**Your goal**
Copy every line of the data below exactly as given, except for the pictures.

**Recorded data**
──────

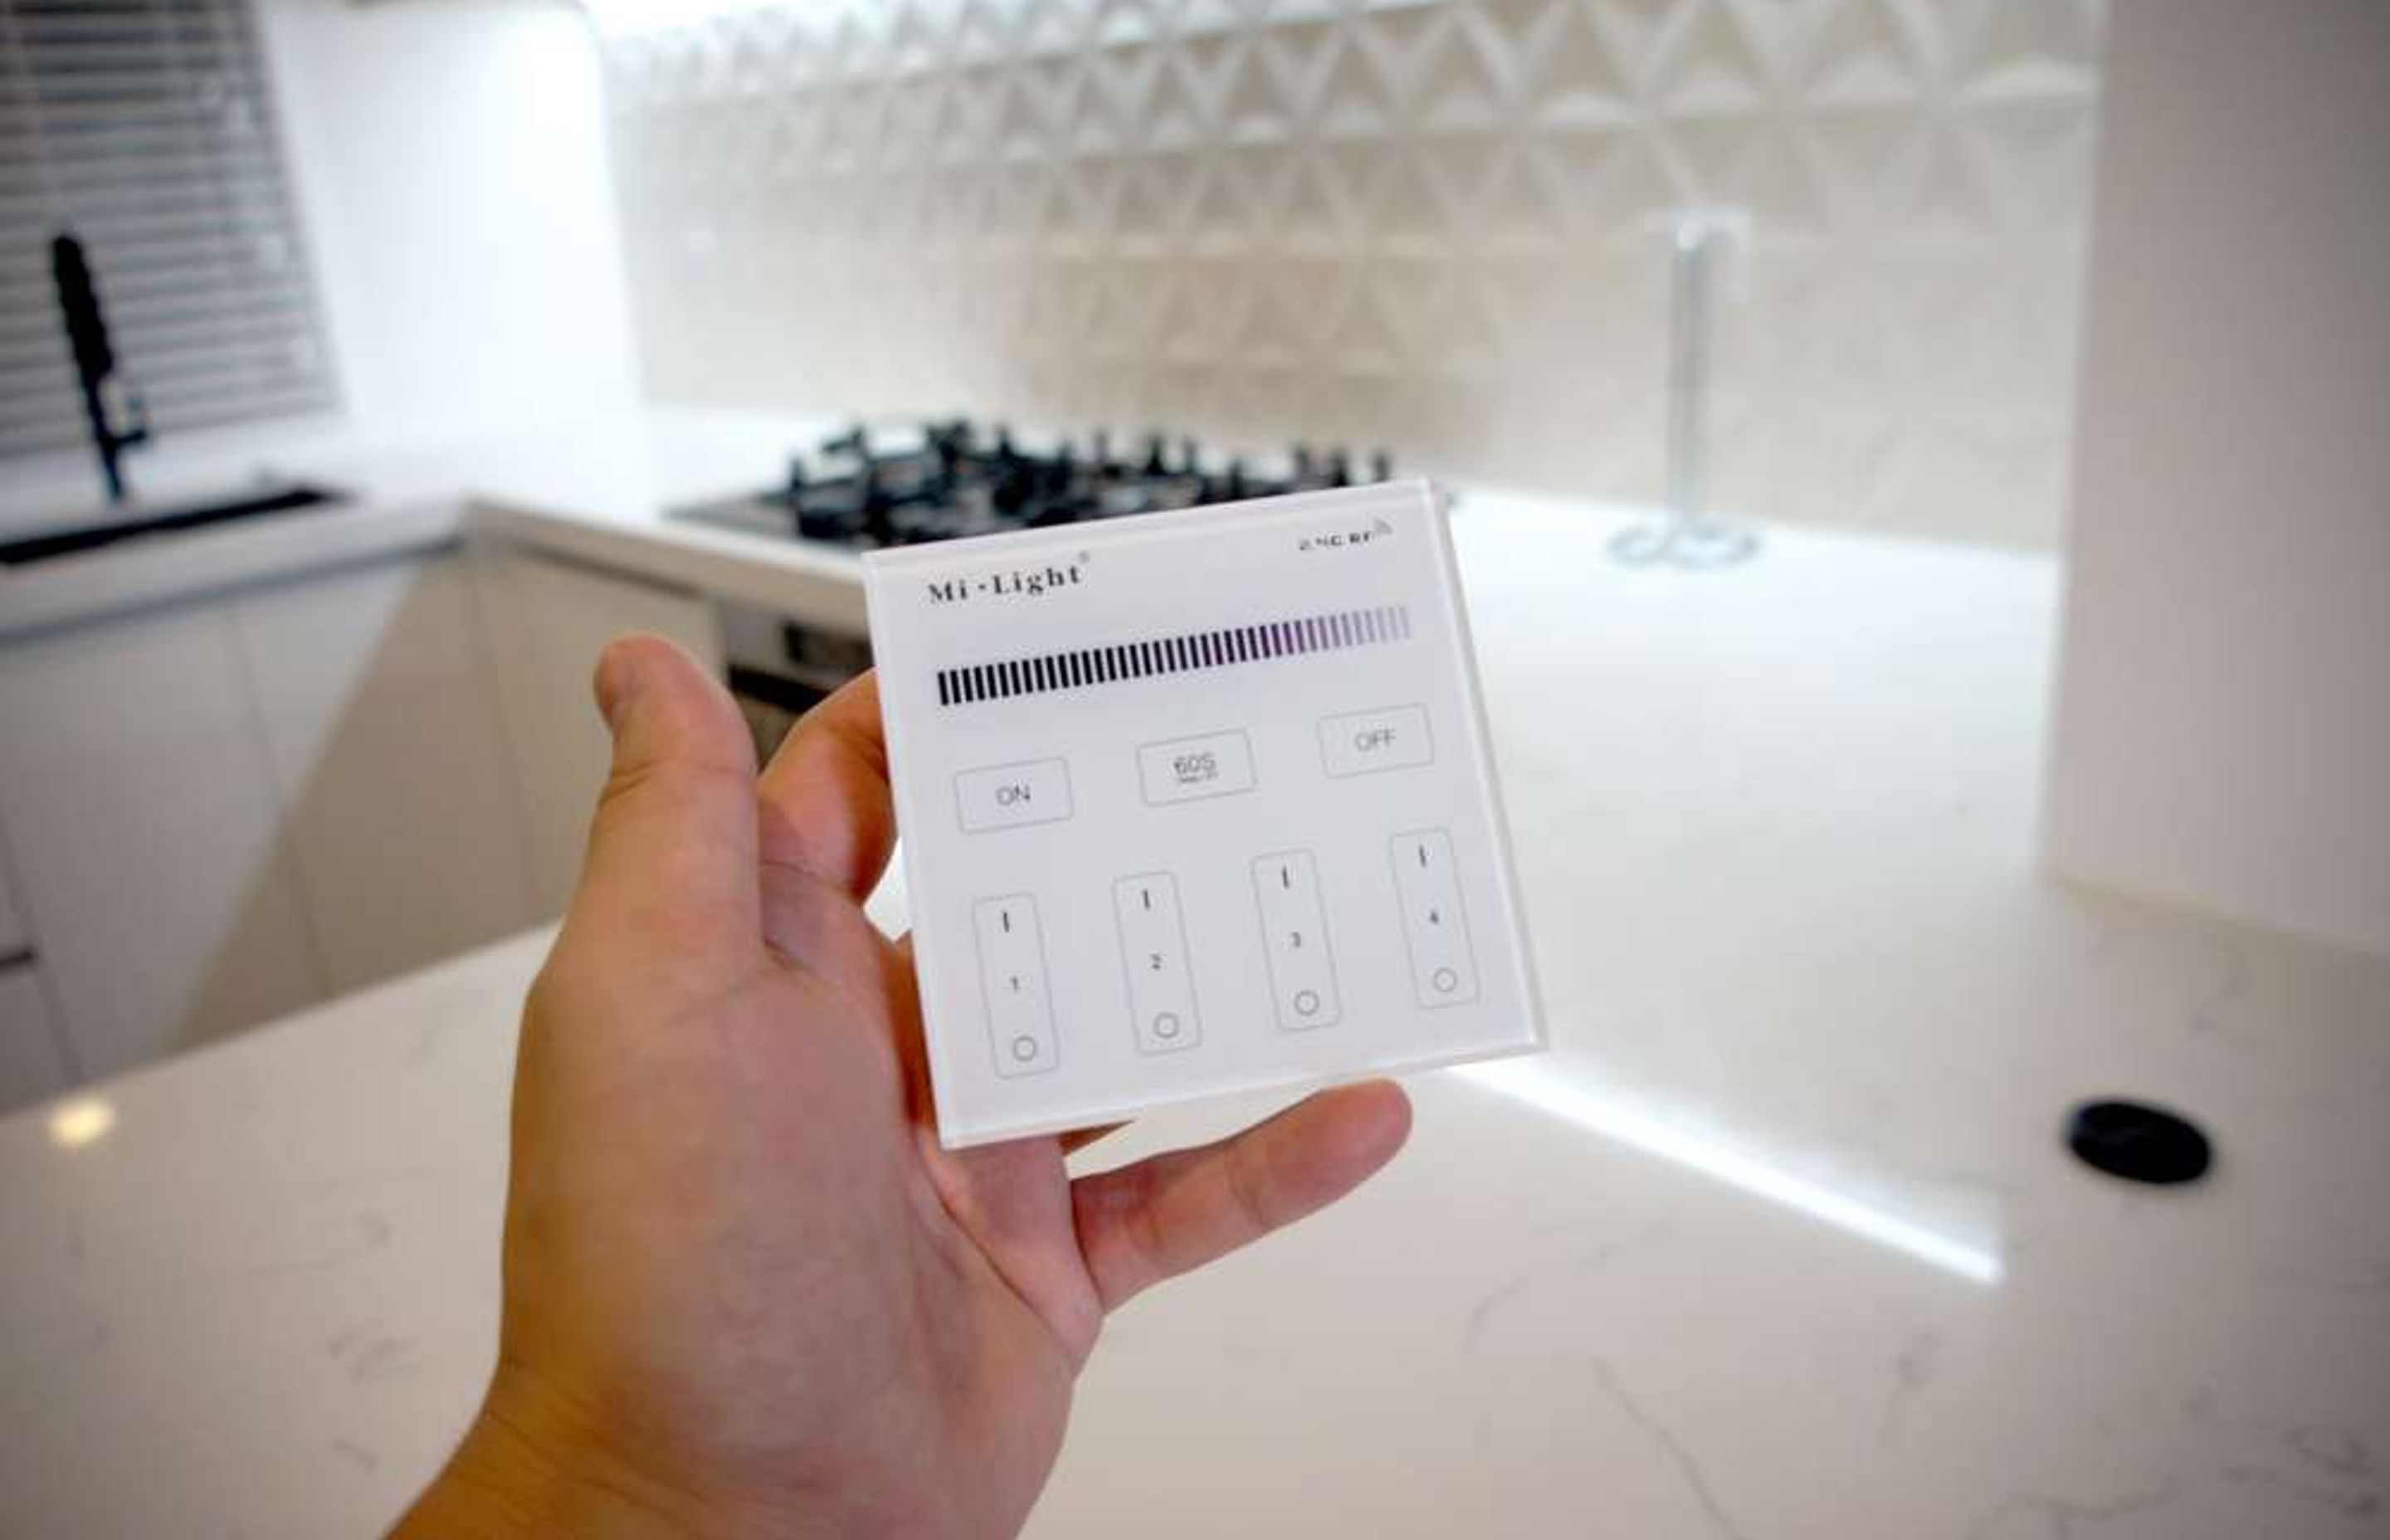 All LED lights in this kitchen can be made dimmer or brighter with this central remote
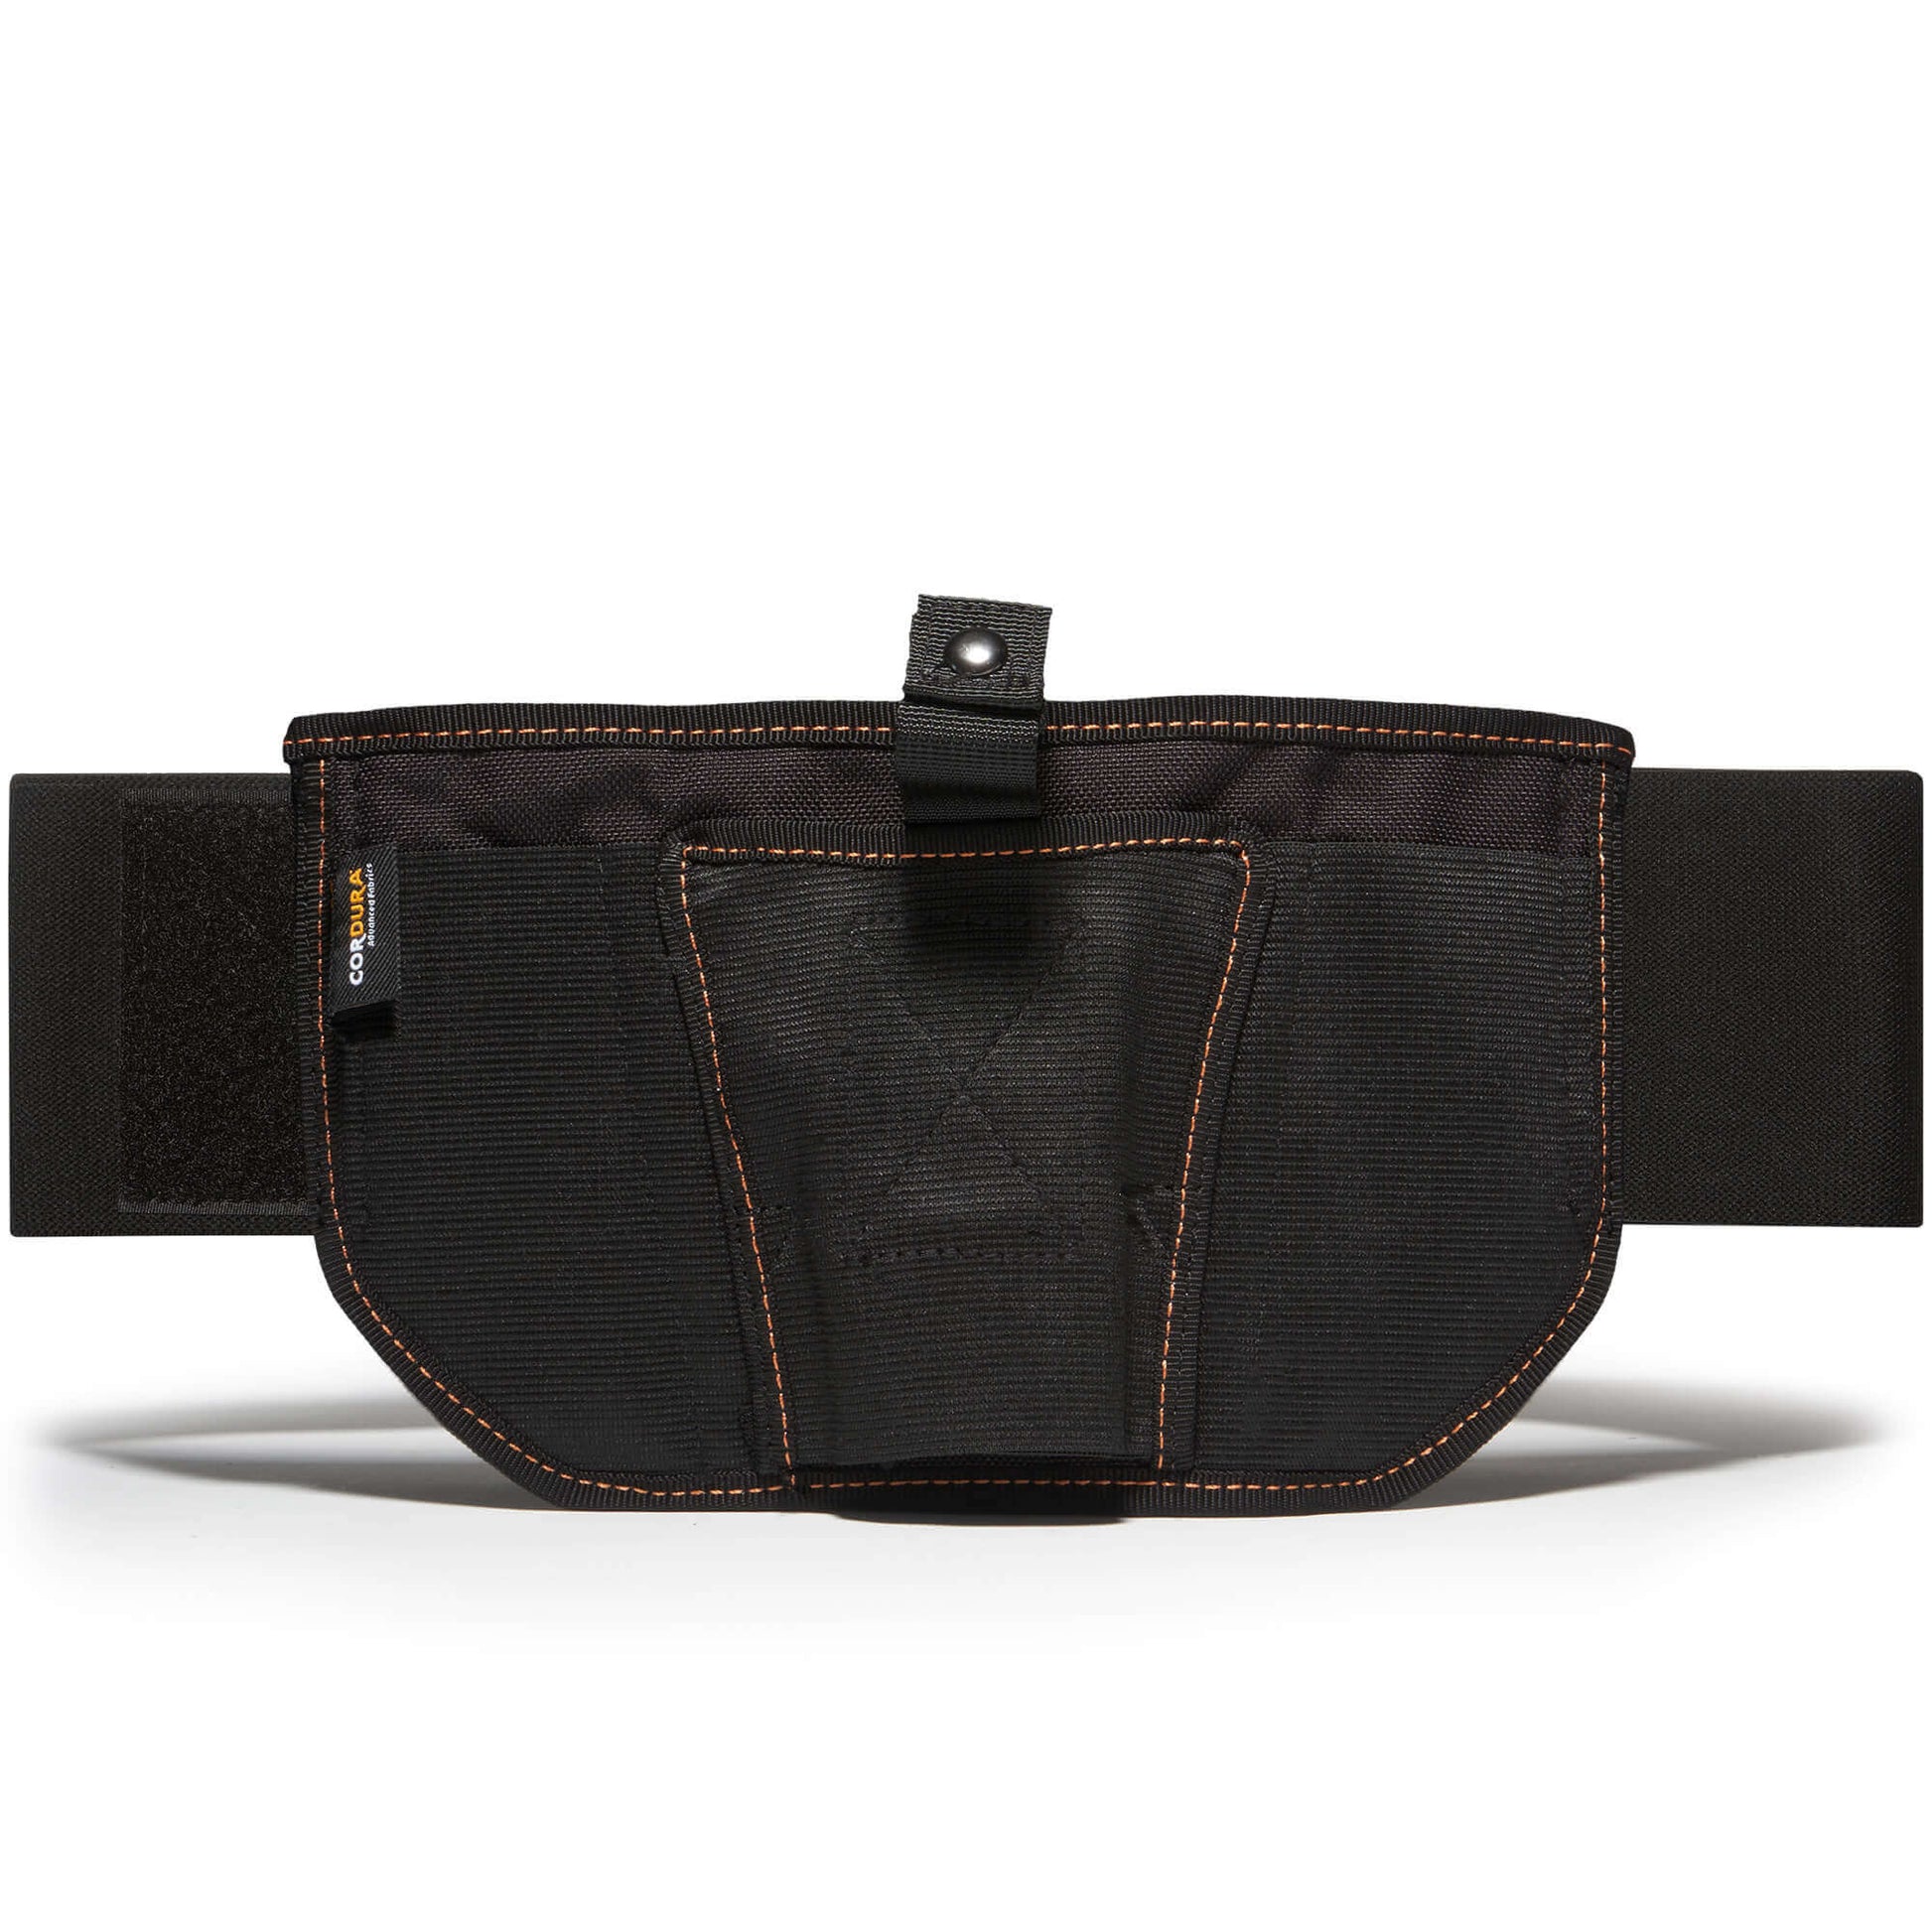 Buy Gun Pak Belt Pouch And More
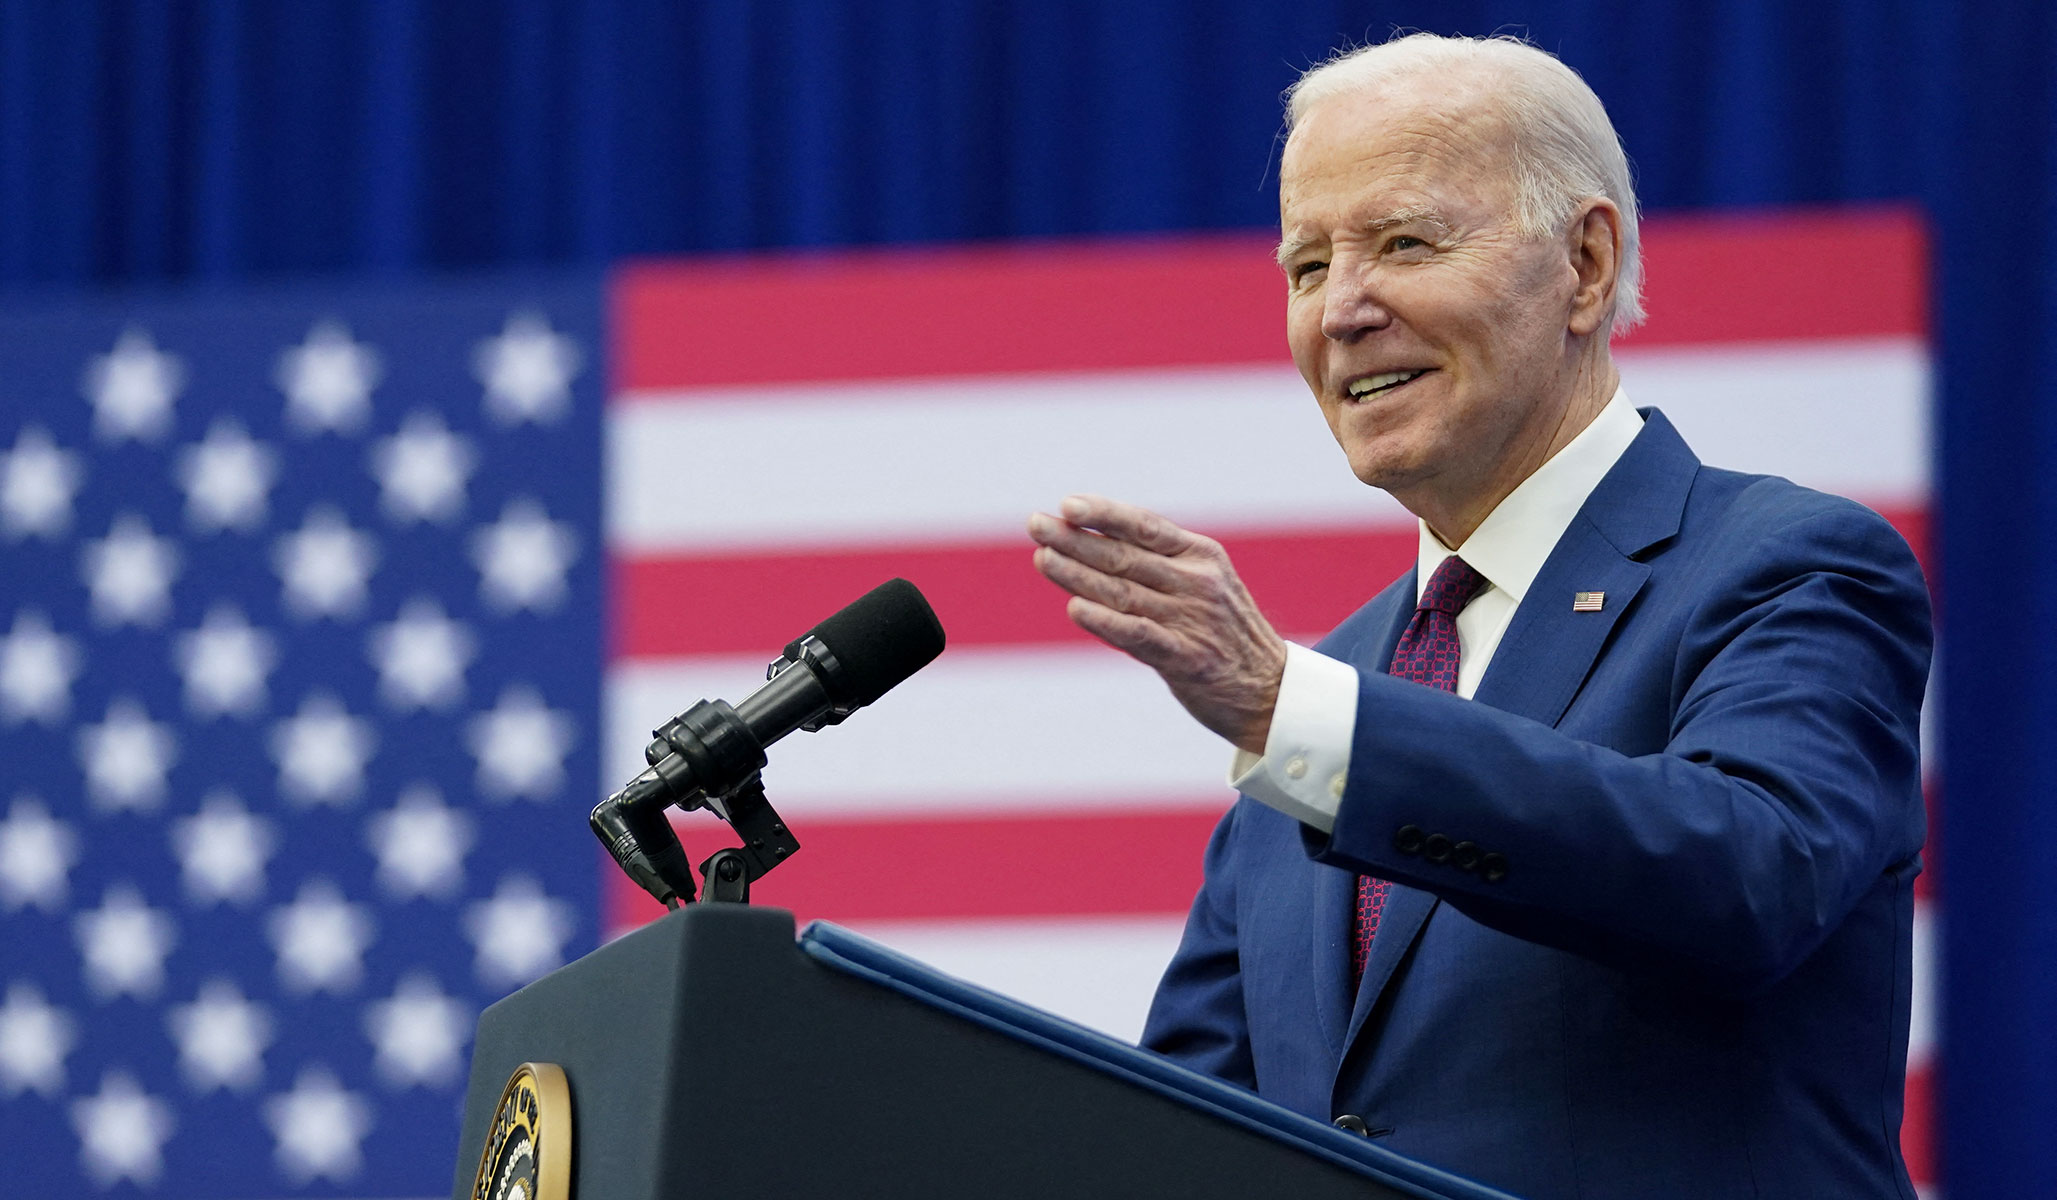 Biden Clinches Democratic Presidential Nomination as Trump Closes In on GOP Nomination

──────

**Exercise output**
 All LED lights in this kitchen can be made dimmer or brighter with this central remote
 Buy Gun Pak Belt Pouch And More
 Biden Clinches Democratic Presidential Nomination as Trump Closes In on GOP Nomination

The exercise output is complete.